Italy bans ChatGPT, citing data protection worries

The Italian data protection authority has ordered OpenAI to stop ChatGPT operating in Italy because of data protection fears

Italy has banned ChatGPT for data protection reasons

Adrian Weckler

ChatGPT has been ordered to cease operation in Italy, according to that country’s data protection authority (DPA).

The Guarante DPA made the announcement on Friday, claiming that the online artificial intelligence (AI) system is flouting GDPR because it has no legal basis to process people’s personal data. The watchdog also says that there are no proper safeguards in place for the personal data of children who might be tempted to use it.

OpenAI, the Microsoft-backed firm that runs ChatGPT, has no corporate or administrative base within the European Union, allowing any EU country’s data protection authority to take action as they see fit.

The Irish Data Protection Commissioner, which takes the lead on most big tech regulation in Europe because of the corporate bases located here, said that it was in contact with the Italian watchdog on the issue.

“We are following up with the Italian regulator to understand the basis for their action and we will coordinate with all EU Data Protection Authorities in relation to this matter,” a spokesperson told the Irish Independent.

“As OpenAI is not subject to the One Stop Shop and not lead regulated from Ireland, it is open to any and all DPAs to act and the [Irish] DPC will have regard to the efficient and appropriate use of our resources as we examine this matter at EU level.”

Italy’s move could cost OpenAI up to €20m in GDPR fines, unless the company updates its data collection processes or restricts the service from being accessed in Italy.

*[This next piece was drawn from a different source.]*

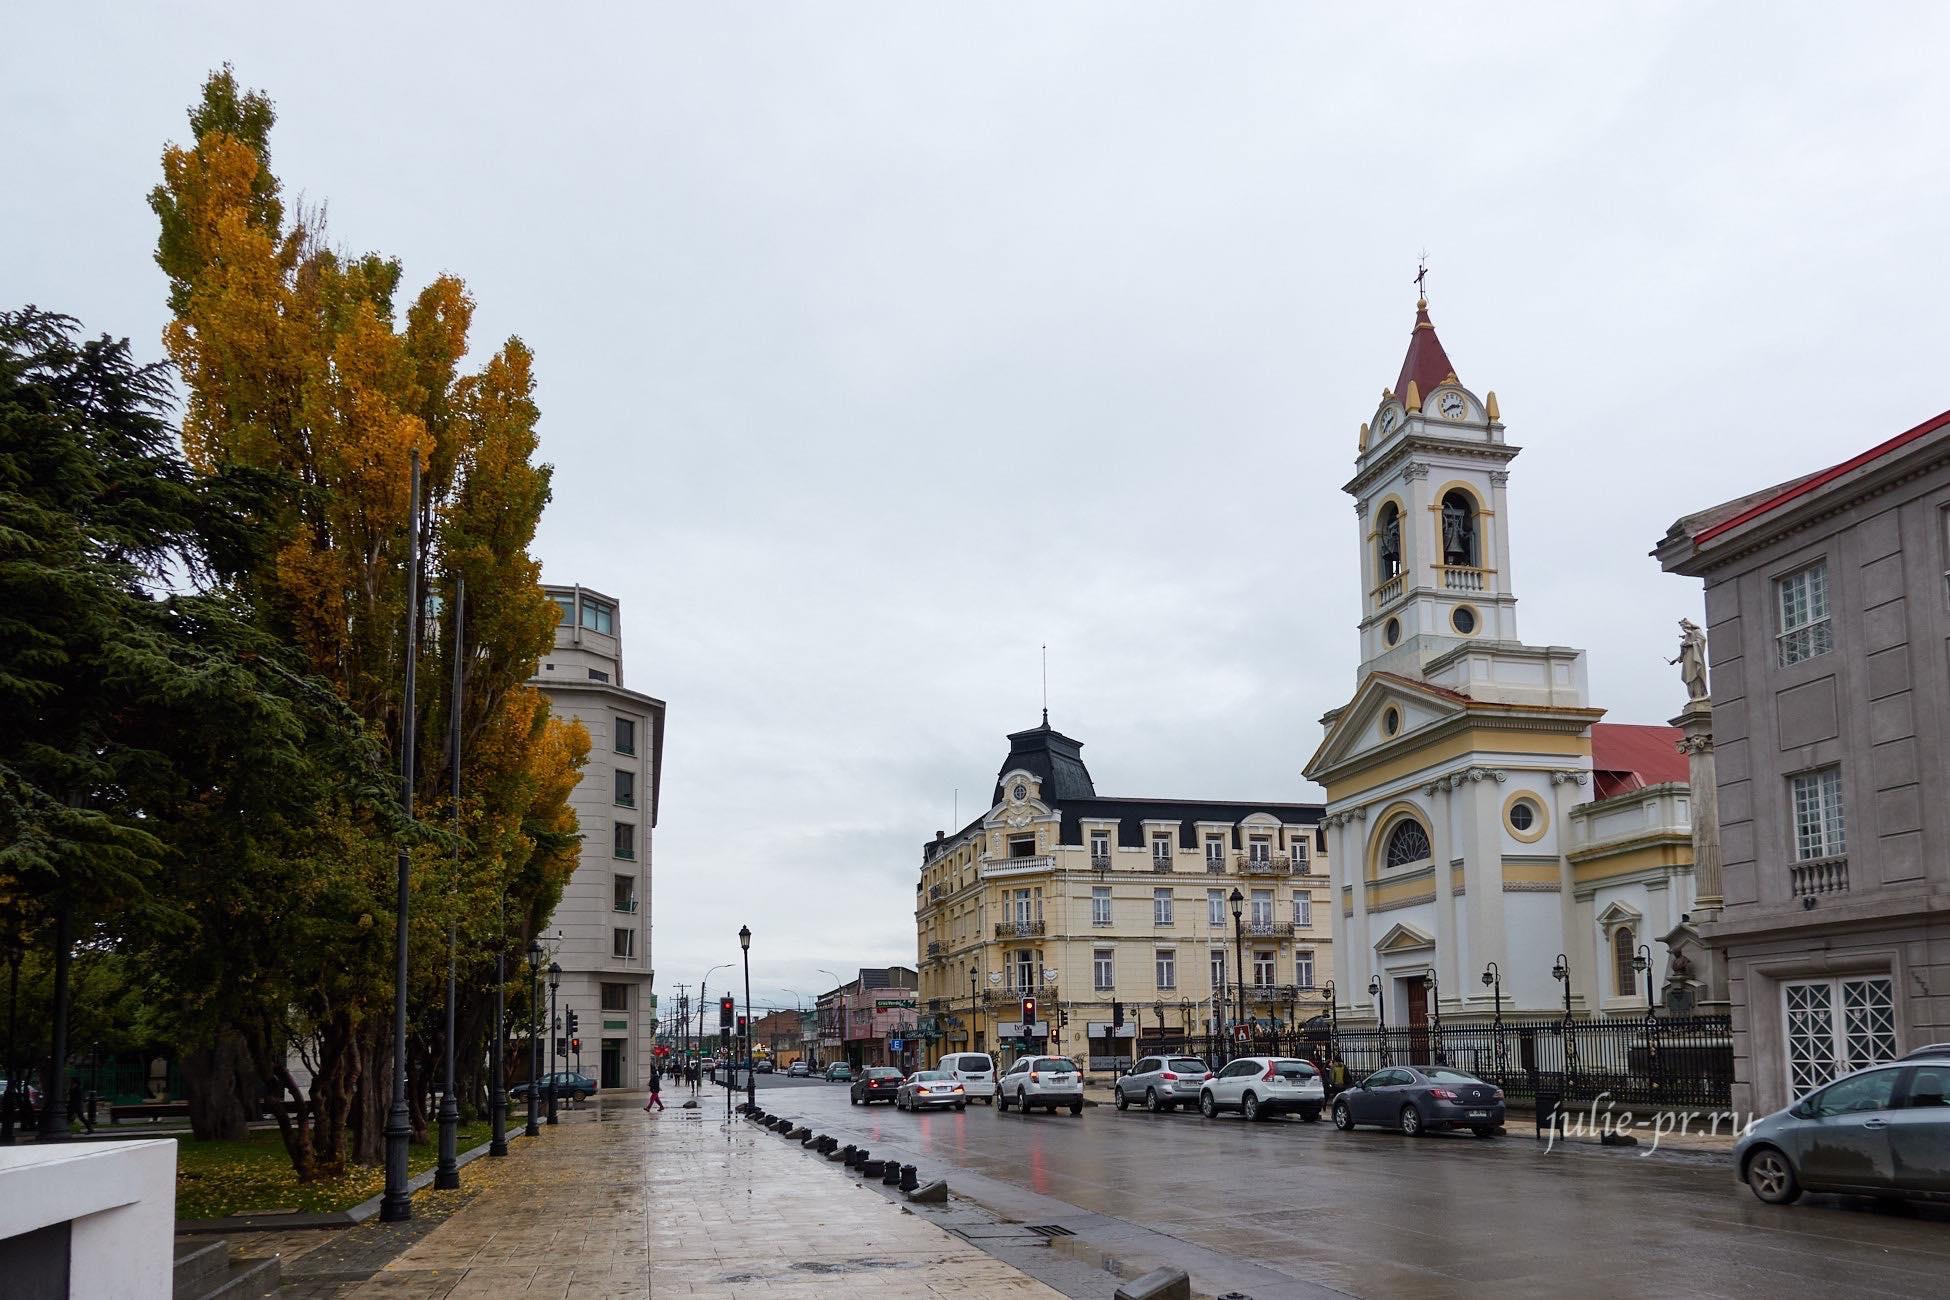 Чили, Патагония, Пунта-Аренас, Собор

The Italian regulator issued a statement today ordering, “with immediate effect, the temporary limitation of the processing of Italian user data [by] OpenAI, the US company that developed and operates [ChatGPT”.

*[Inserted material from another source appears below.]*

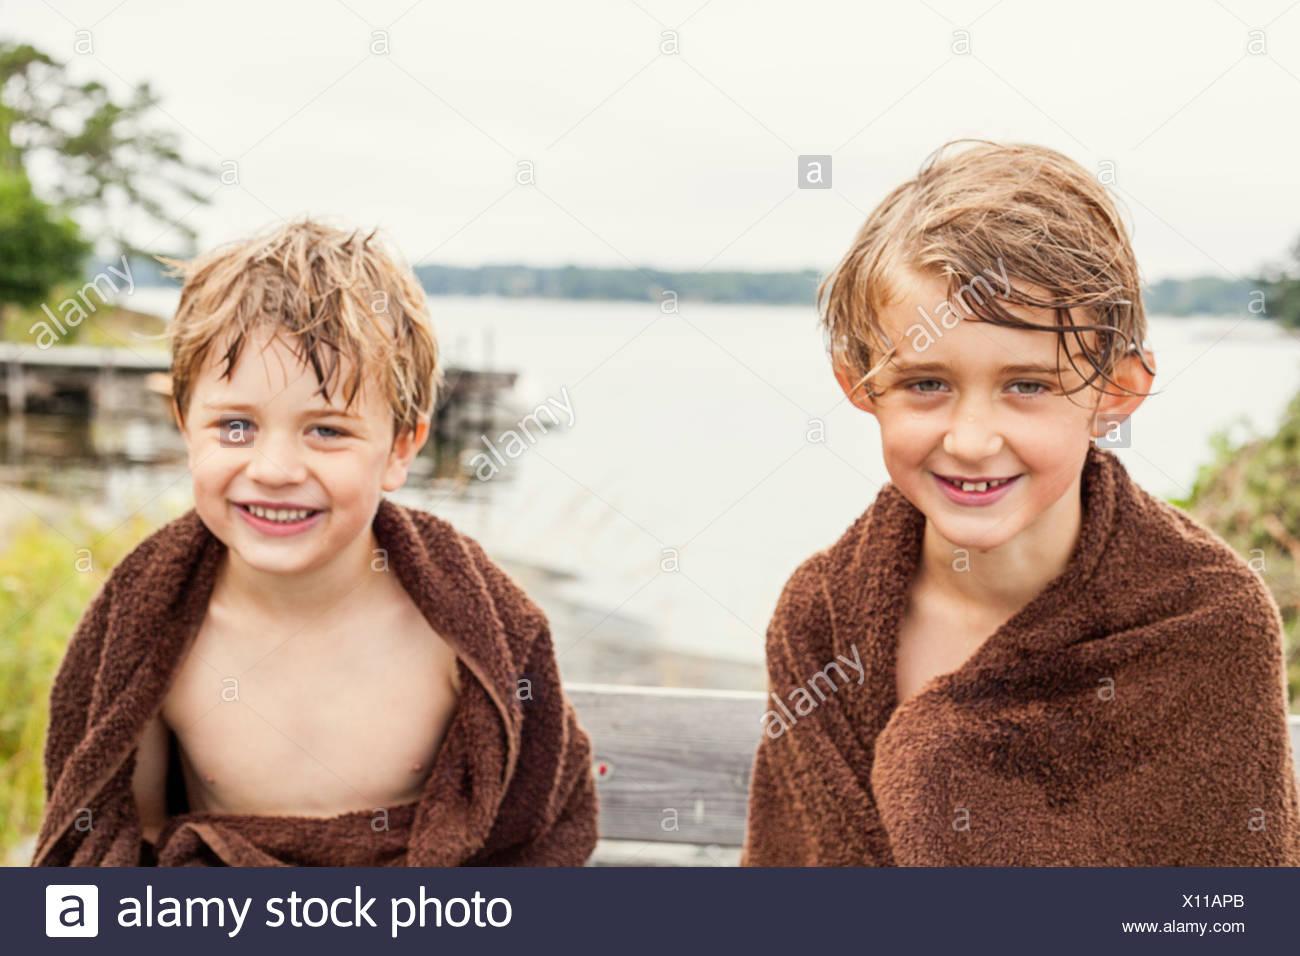 La Suède, l'Uppland, Runmaro Barrskar, Portrait, de deux garçons enveloppé dans des serviettes Photo Stock

The watchdog said that the move was triggered by an event on March 20the, when ChatGPT “suffered a data breach regarding user conversations and information related to the payment of subscribers to the paid service”.

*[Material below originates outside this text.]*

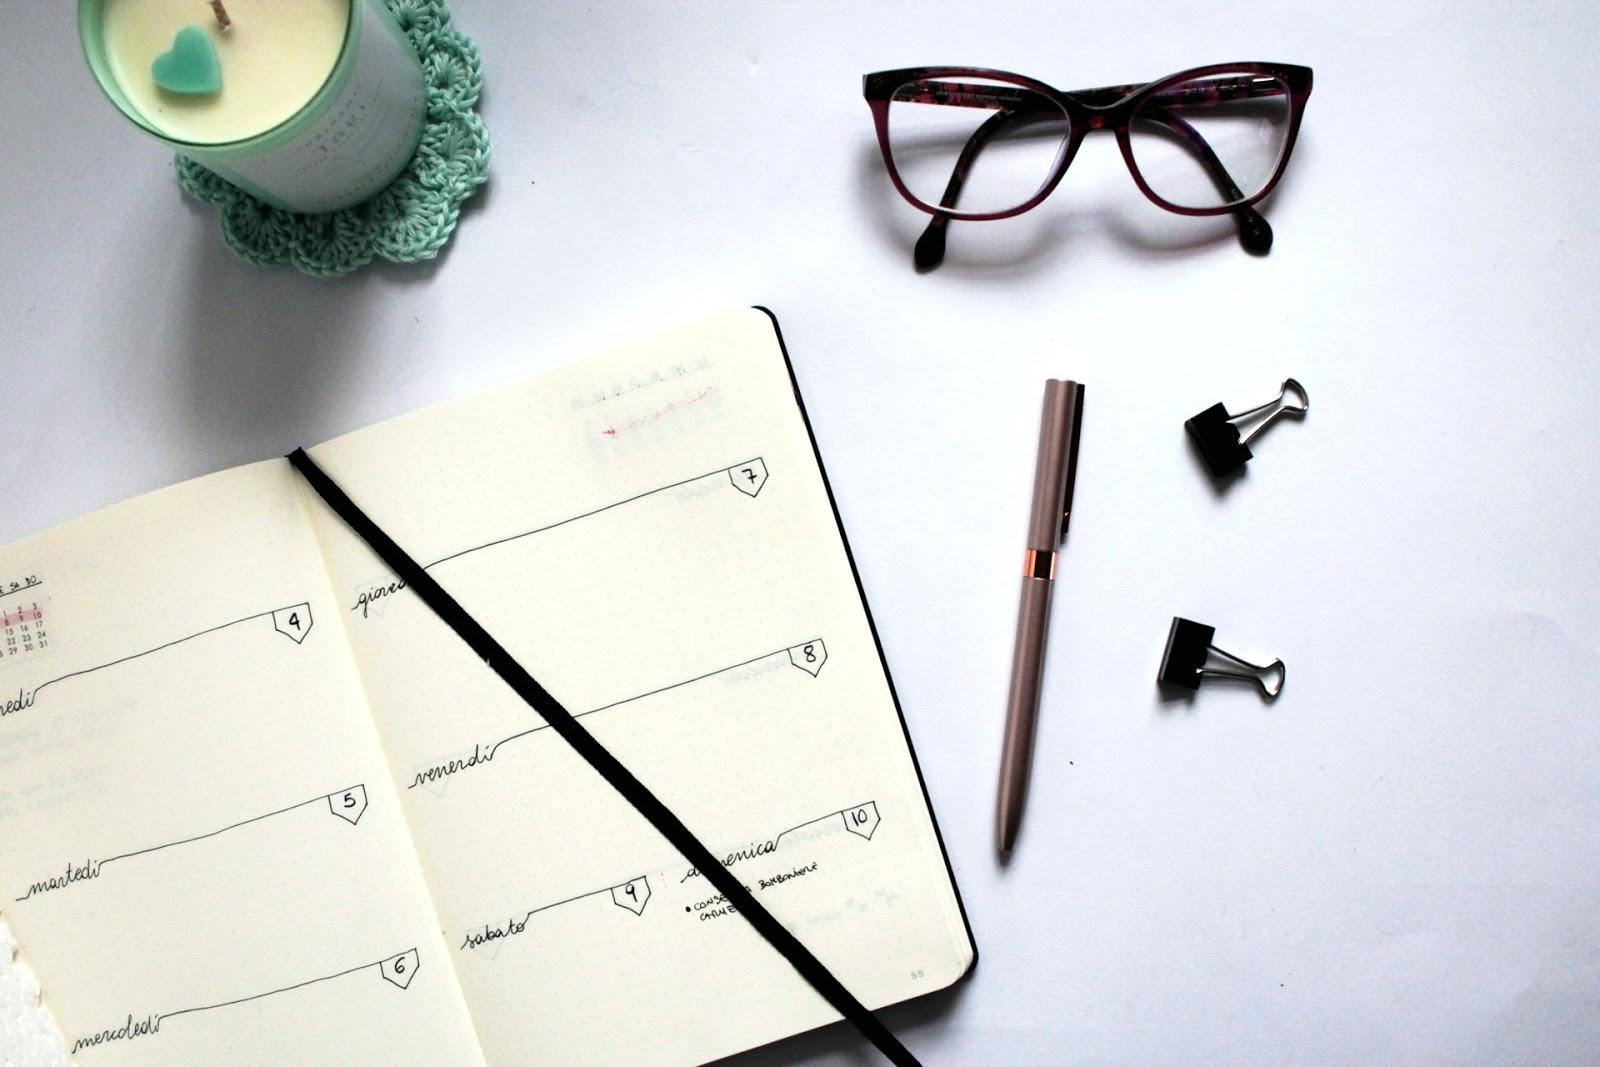 Come mantenere l'agenda funzionante: 6 consigli da seguire

It added that that there is a “lack of information to users and all interested parties whose data is collected by OpenAI” and “the absence of a legal basis that justifies the collection and massive storage of personal data, in order to “train” the algorithms underlying the operation of the platform”.

And it noted ChatGPT’s own assertion that “the information provided by ChatGPT does not always correspond to the real data, thus resulting in an incorrect processing of personal data”.

ChatGPT has become the most talked-about online service of 2023. Using its ‘large language model’, it organises billions of documents into answers, plans, presentations, work models and creative works based on plain-language prompts and questions.

The associated AI technology has scared some senior technology industry figures, with Elon Musk and Apple co-founder Steve Wozniak signing a letter this week that called for a six-month pause on development of artificial intelligence research, which signatories claim is “out of control” and a “risk to our civilisation” because it’s spawning “nonhuman minds that might eventually outnumber, outsmart, obsolete and replace us”.

OpenAI has 20 days to respond to the Italian regulator.